Viktor Stojanov 5 min read

Life is made of two acts. You decide what to do, and then you do it.

Everyone believes the second act is the hard one. The discipline, the grind, the years. They are wrong. Doing is mostly momentum; once a direction is set, the body tends to follow. The place where people break is earlier, quieter, almost invisible. They break at the deciding.

To decide is to subtract. Every yes is a hundred quiet noes. Choose the city and you let the other cities go. Choose the person, the work, the shape of your days, and you set down every version of yourself that would have chosen otherwise. We have no shortage of options. What we cannot stand is the letting go that choosing one requires.

So we leave every door open and call it freedom. It is the most comfortable lie of our age. Someone with every door open has not chosen freedom. They have only refused to walk through any of them, standing in the hallway, busy and entertained and vaguely proud of all that remains possible, slowly mistaking the hallway for a life.

And the hallway costs more than it looks. You can do anything, but you cannot do everything, and whoever will not accept the second half never reaches the first. The doing is where the depth lives. The skill that comes only from years on a single thing, the satisfaction of a life that points somewhere instead of everywhere. Keep every option open and you taste the richness of none of them.

The doing was never meant to be the hard part. If walking your path feels like a constant chore, the problem is upstream, in the choice. A direction that fits who you are pulls you forward more than it wears you down. When every step is a fight against yourself, you have usually chosen something you do not truly want, or someone else’s want wearing your name.

There is an honest objection here. Sometimes the open door is wisdom rather than cowardice; when the ground is genuinely unknown, waiting is the intelligent move. But be honest about which one you are doing. There is a difference between the scout who keeps moving because the map is still being drawn and the person who never picks a direction because picking one means admitting the rest are gone. Most of us are the second, dressed as the first.

And even the scout has to choose eventually, because deciding wrong is better than not deciding at all. A wrong choice is not a stain on you. It only means that at this point in your life, with what you knew and who you were, this was the path you believed was right. You walk it, you find it was not, you stand up, and you choose again. That is not failure. That is the whole shape of a life. Going, falling, rising, going again.
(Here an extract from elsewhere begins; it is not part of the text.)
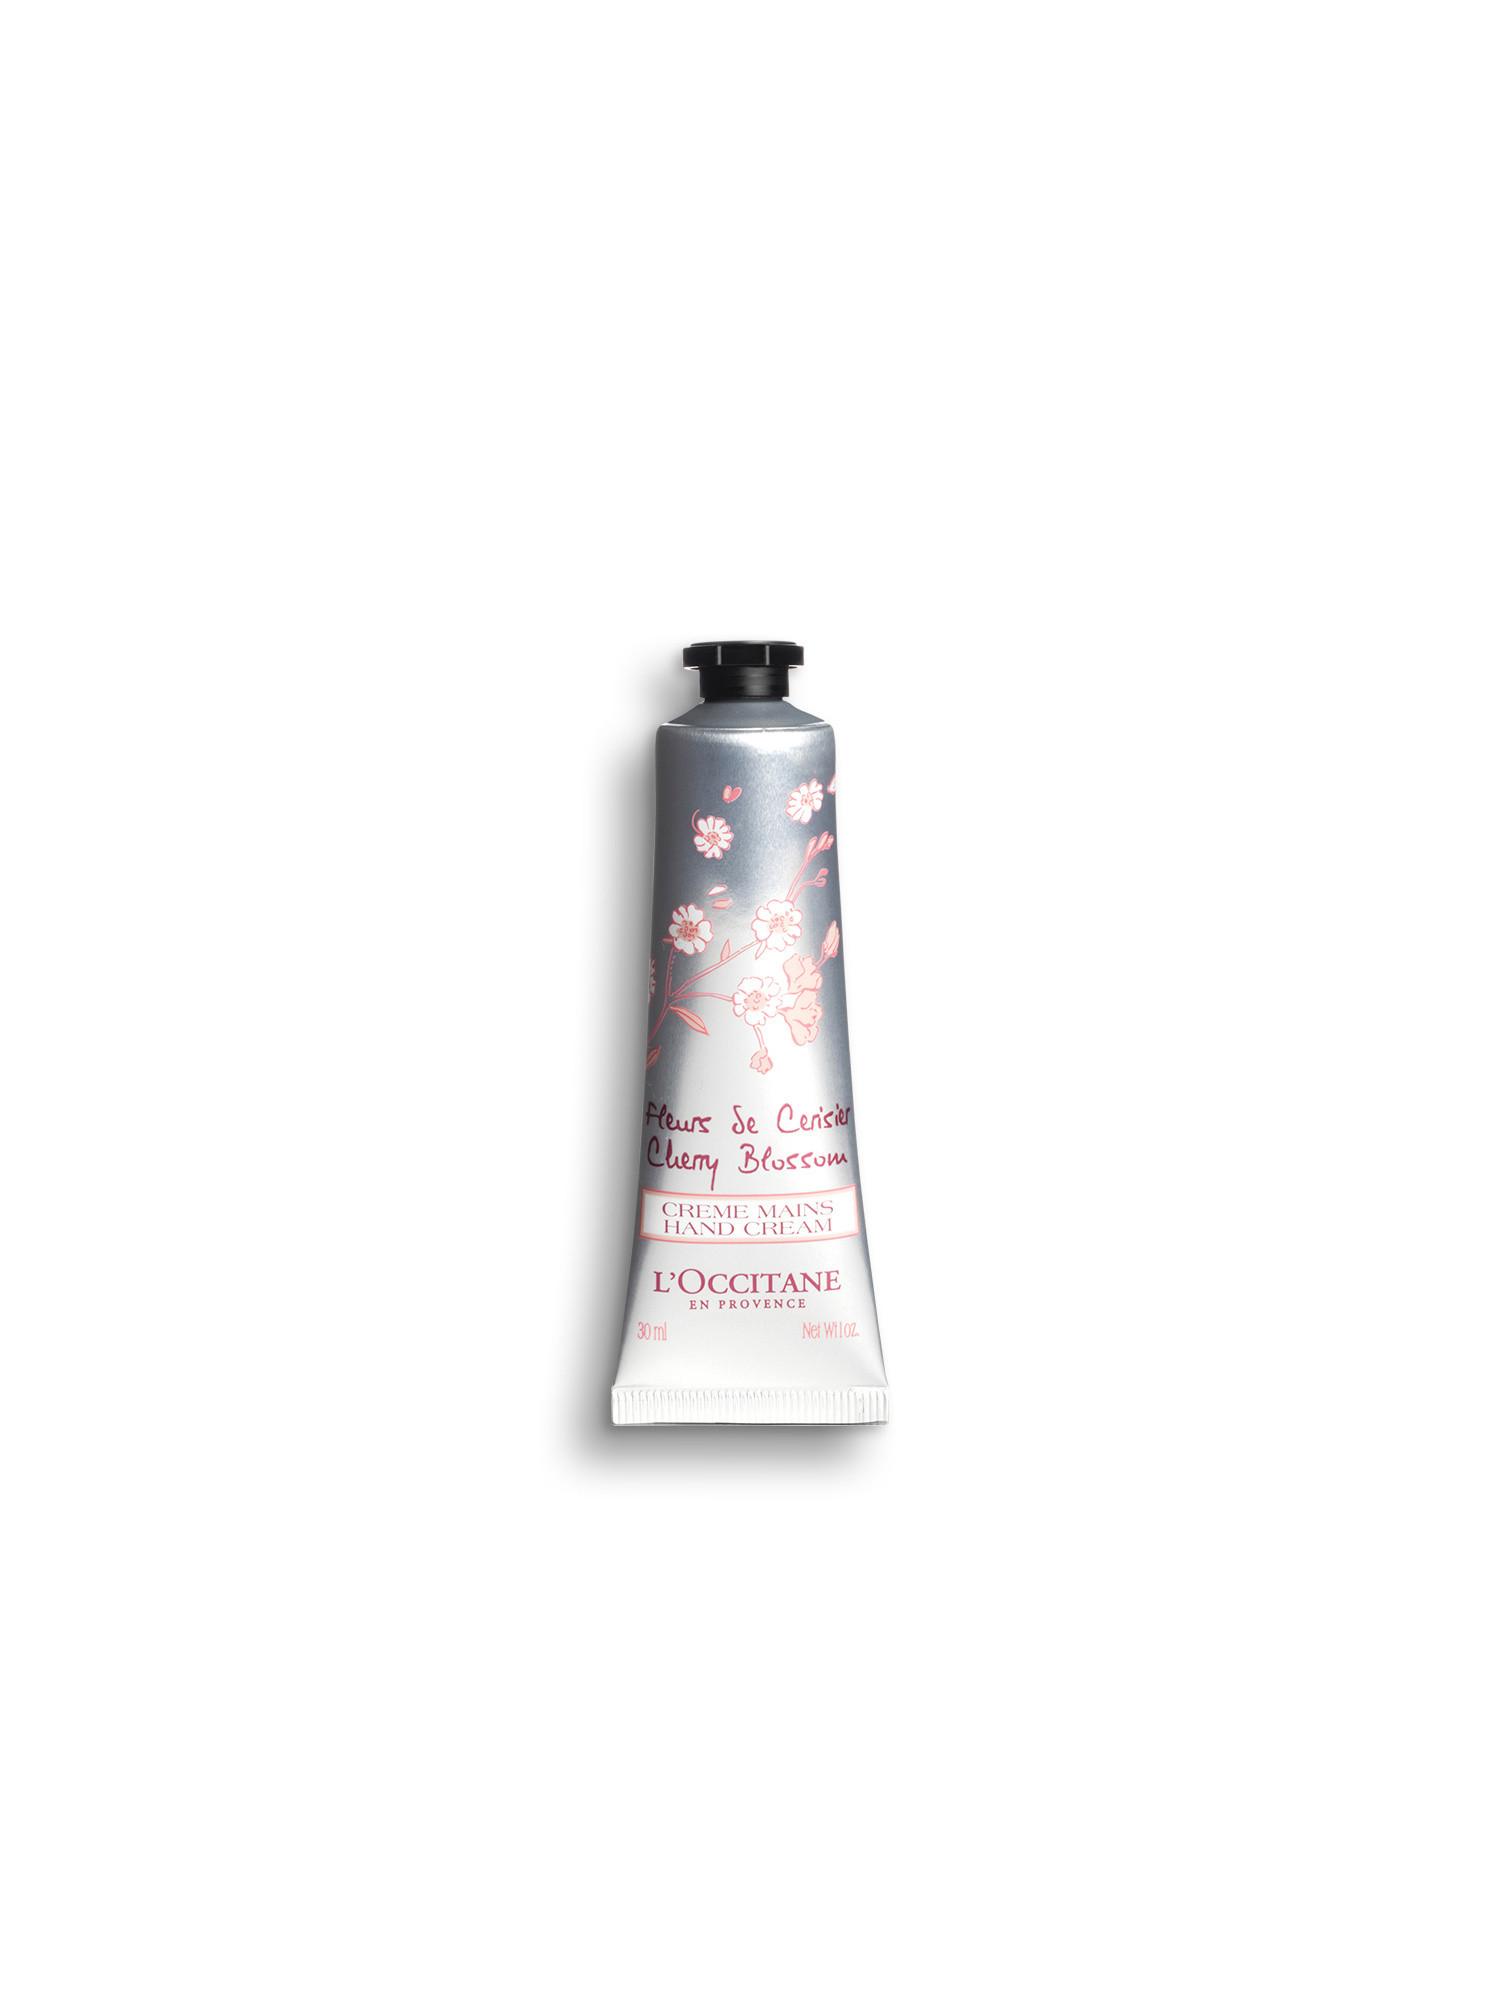 Crema Mani Fiori Di Ciliegio 30 ml, Trasparente, large image number 0
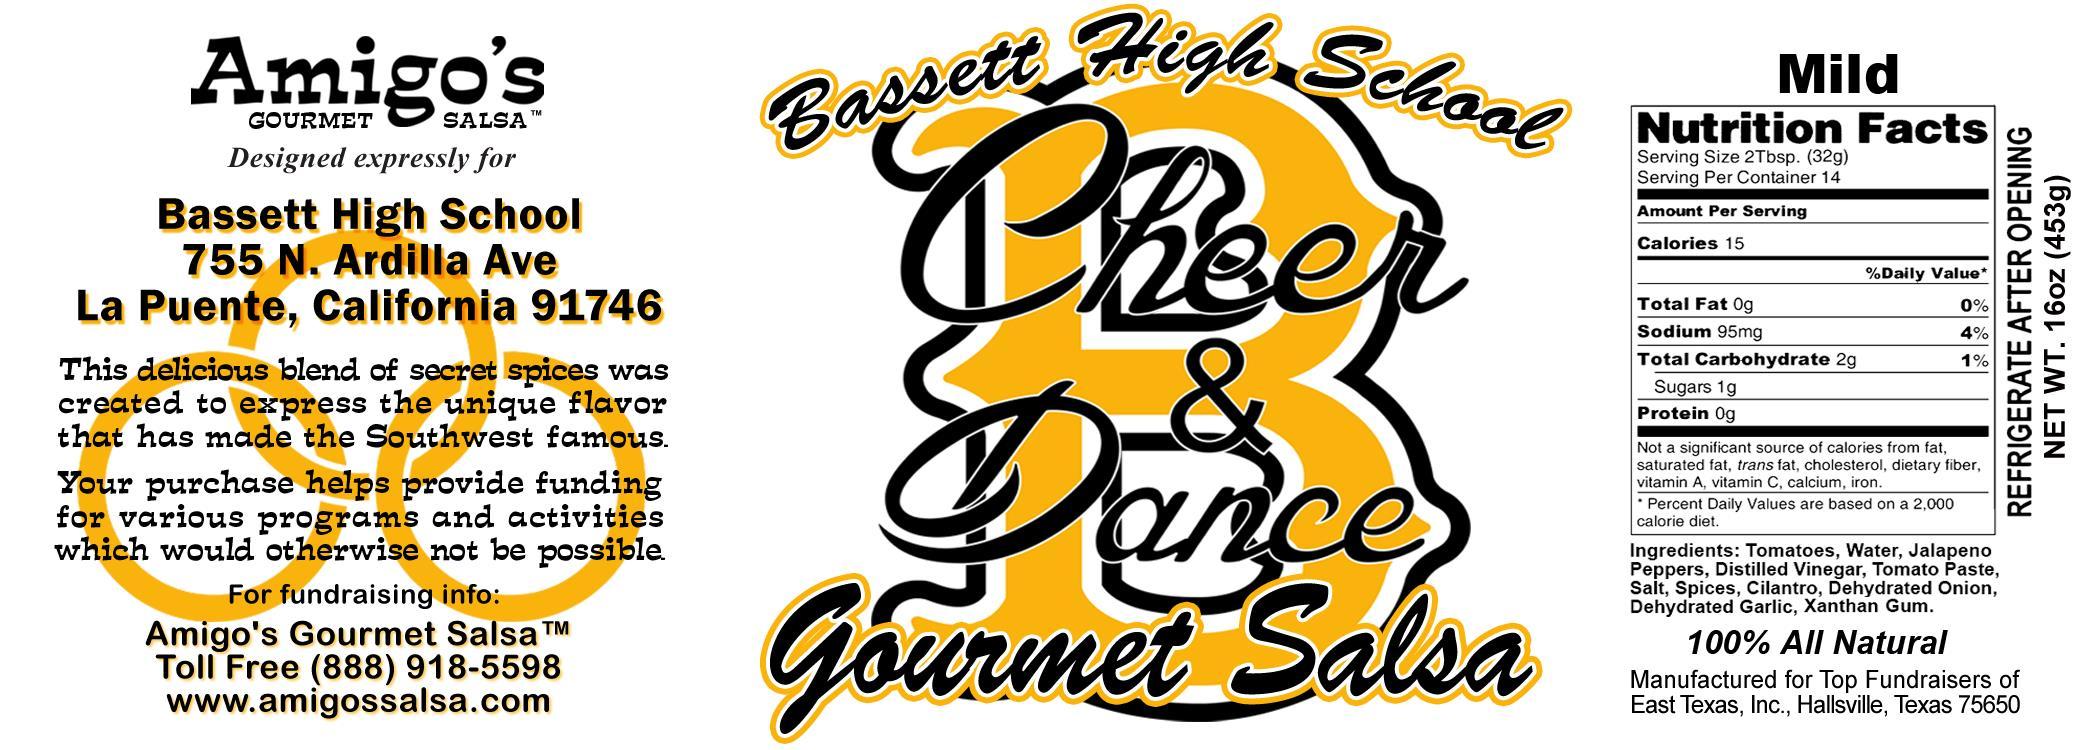 Bassett High School MILD.jpg

Picking a direction and doing the work is what we are here for.

Here is the part I find saddest. We have never been closer to being able to do anything, and never further from deciding to do it. Every gap in knowledge is gone; the whole library of human understanding sits in your pocket. And we use it to scroll videos about how to stop scrolling. We know more about friendship and its benefits than any generation before us, and many of us are lonelier, with fewer close friends to show for it.1 We know sleep is the closest thing to a longevity drug we have ever found, and we trade it away night after night for one more episode, one more scroll, one more hour that decides nothing.2 We have all the knowledge and none of the decision.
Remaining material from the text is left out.